Though it doesn't provide mechanics for it, B5 also suggests leechroots can turn dead
plants into their spawn—a good excuse to slap an undead template onto your favorite
plant creature. And while the exact mechanics
are again not explicitly stated, leechroots in groups of four or more can form
a sentient network known as a hivemind that serves primarily as a
mutual-defense pact…and a promise of deadly, soil-covered retribution.
The secret vampire
lords of Ornov quietly encourage the growth of leechroot on their lands,
procuring cuttings from over the border in war-torn Haig. A leechroot’s presence easily explains any
poorly buried, exsanguinated corpses, and a posse of men-at-arms leading a
militia to burn out a leechroot infestation is a very visible—and
popular—symbol of the princes’ dedication to their peasants’ well-being.
Vanaras and humans
are engaged in a deadly battle over territory and logging rights.
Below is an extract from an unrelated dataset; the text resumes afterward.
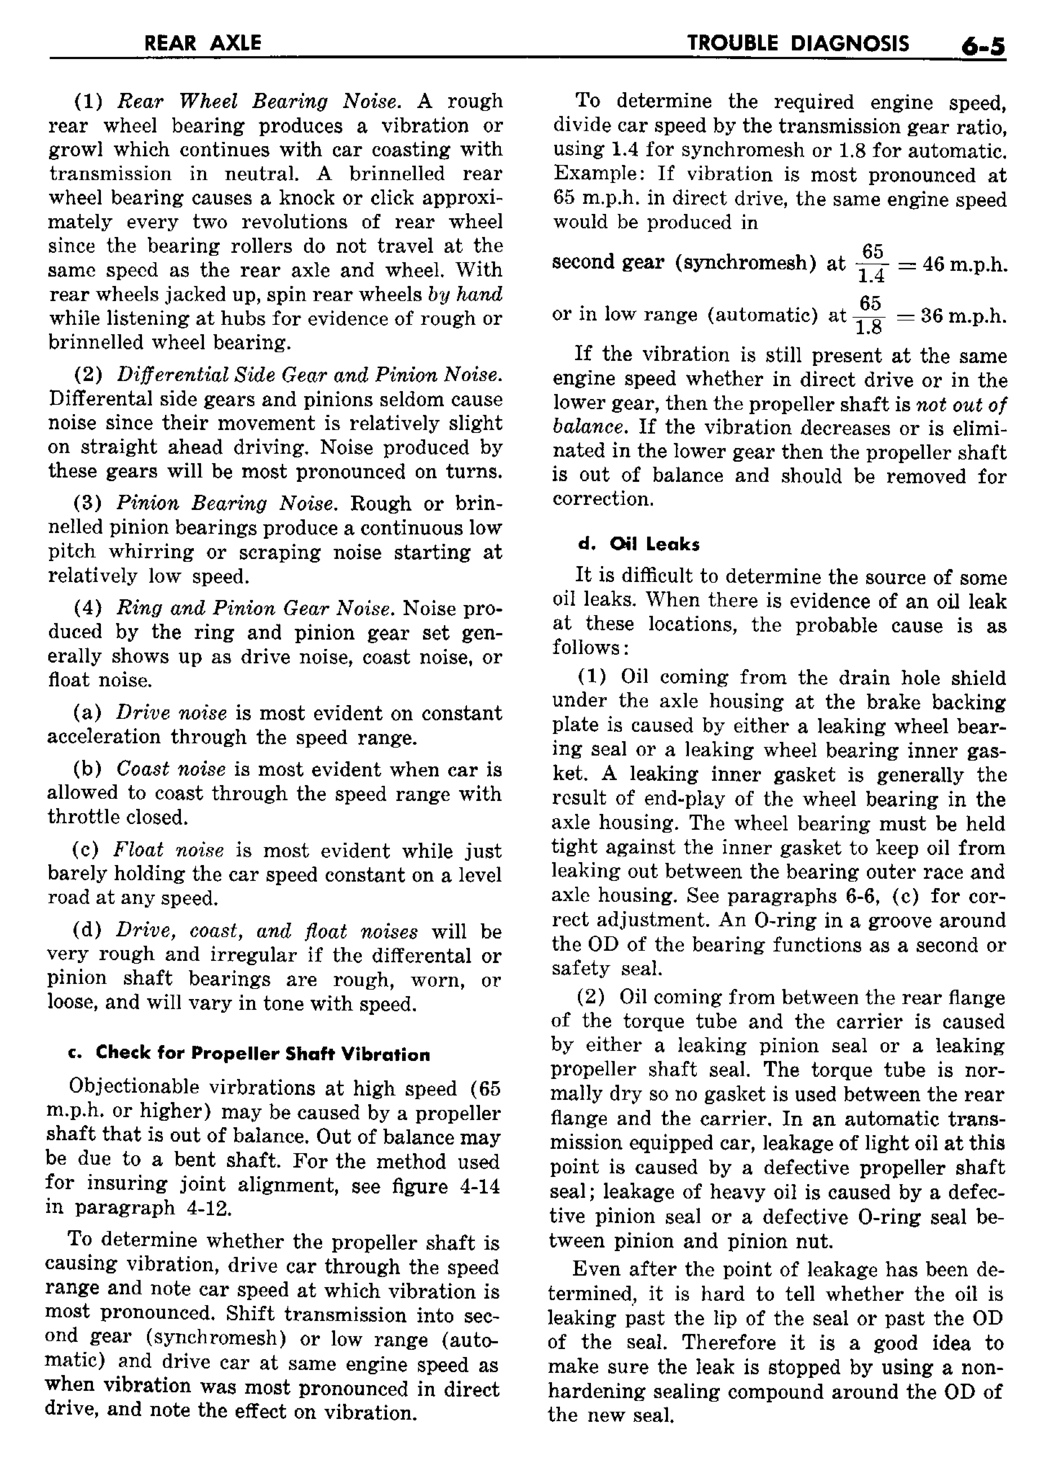 n_07 1960 Buick Shop Manual - Rear Axle-005-005.jpg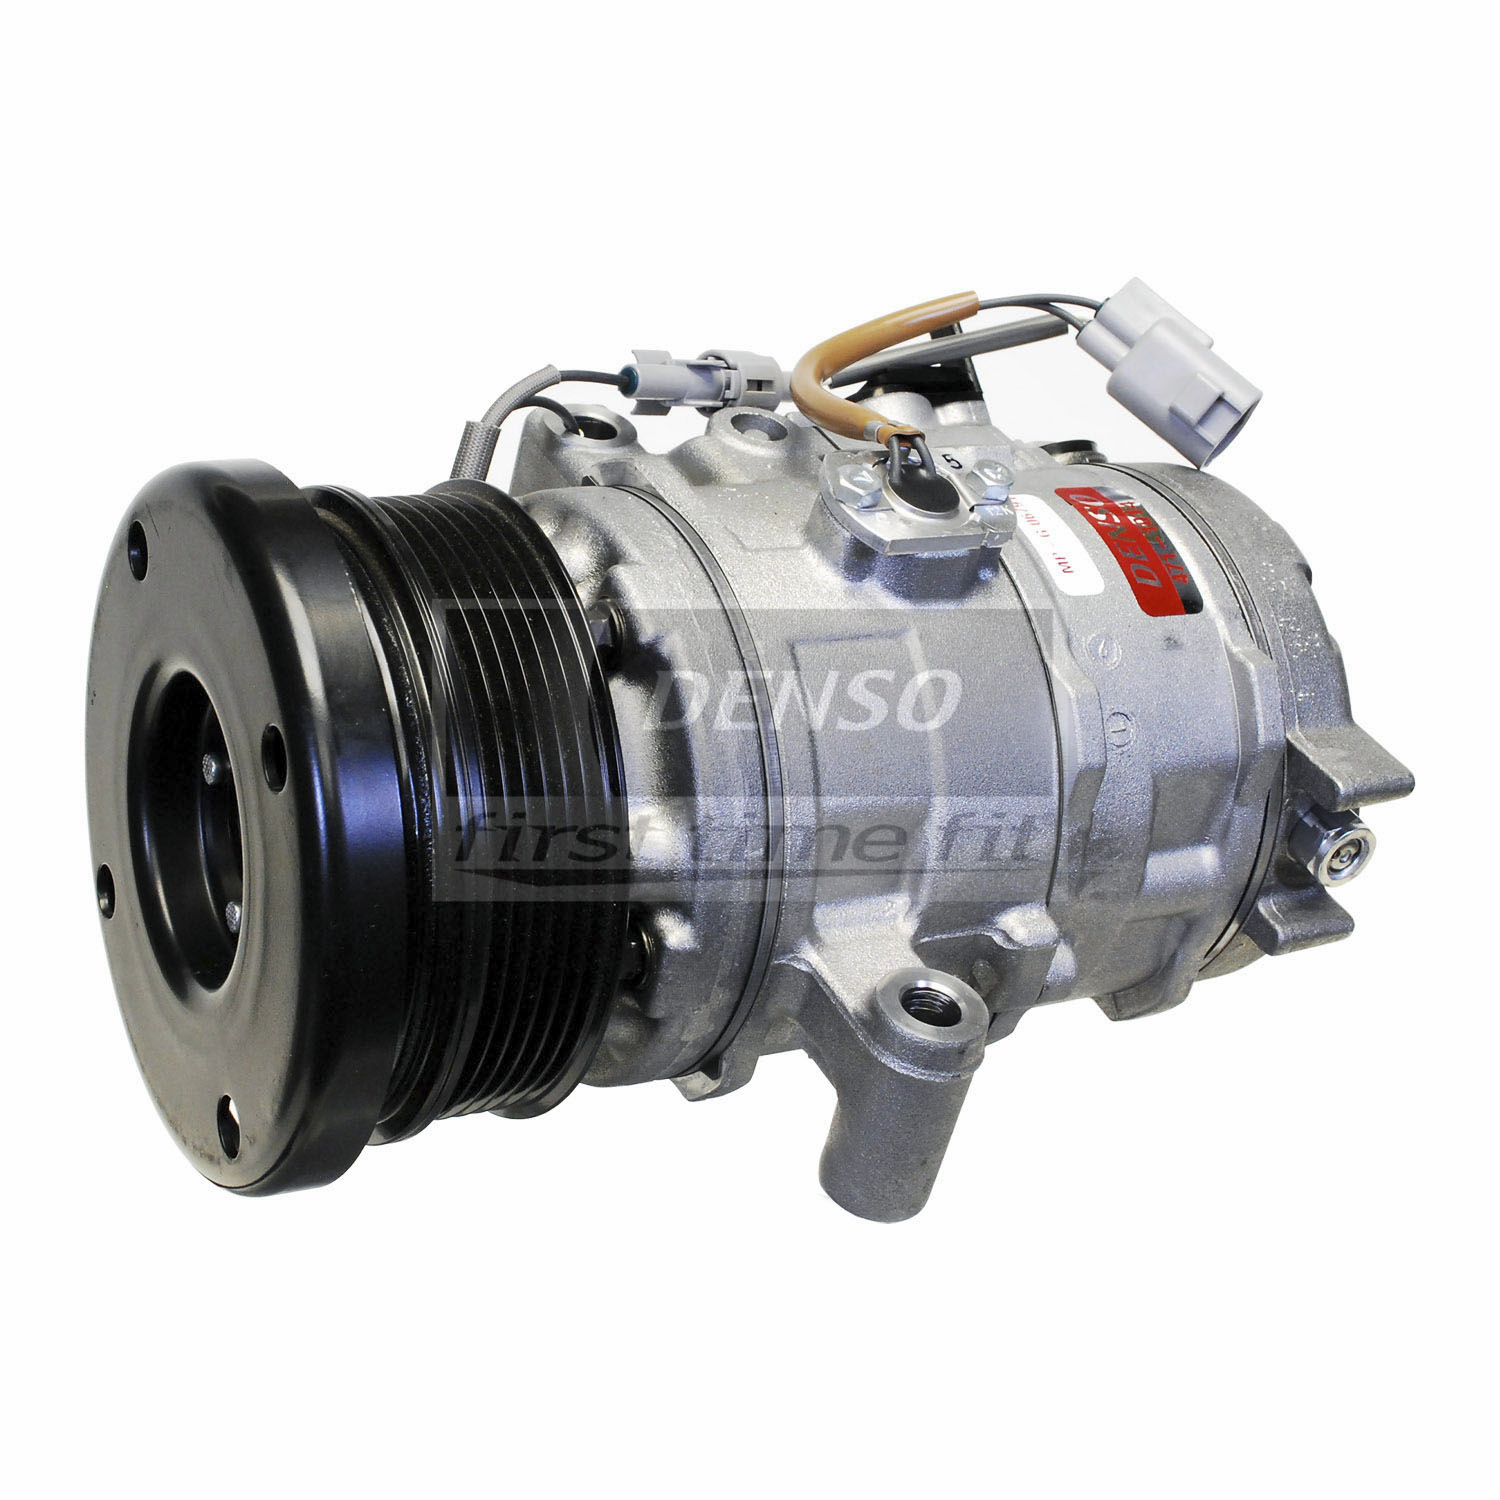 TCW Platinum Compressor 32820.6T1NIP New Product Image field_60b6a13a6e67c

This long-running conflict has only festered
with age—so much so that leechroots are now responsible for most of the
casualties.
Wars of ideas can be
as deadly as wars of arrows and blades.
Adventurers visit an overgrown agora where philosophers used to debate
in public. Here Galen abandoned the
utilitarianism of his teachers, transforming his master’s model of the Cunning
Mind to the brutal Culling Blade—his first step to becoming the genocidal
monster known as the Hand in Bone. As
the adventurers move throughout the complex, haunts offer glimpses of Galen’s
development and fall—or rather, willful leap—from grace. Not only is surviving the haunts a challenge,
but the agora is infested with leechroots, born from the hate engendered by
Galen’s cruel, honeyed words.
—Pathfinder Bestiary 5
155
Pedro Coelho created the leechroot as an RPG Superstar
entry. Check it and the judges’ comments
out here.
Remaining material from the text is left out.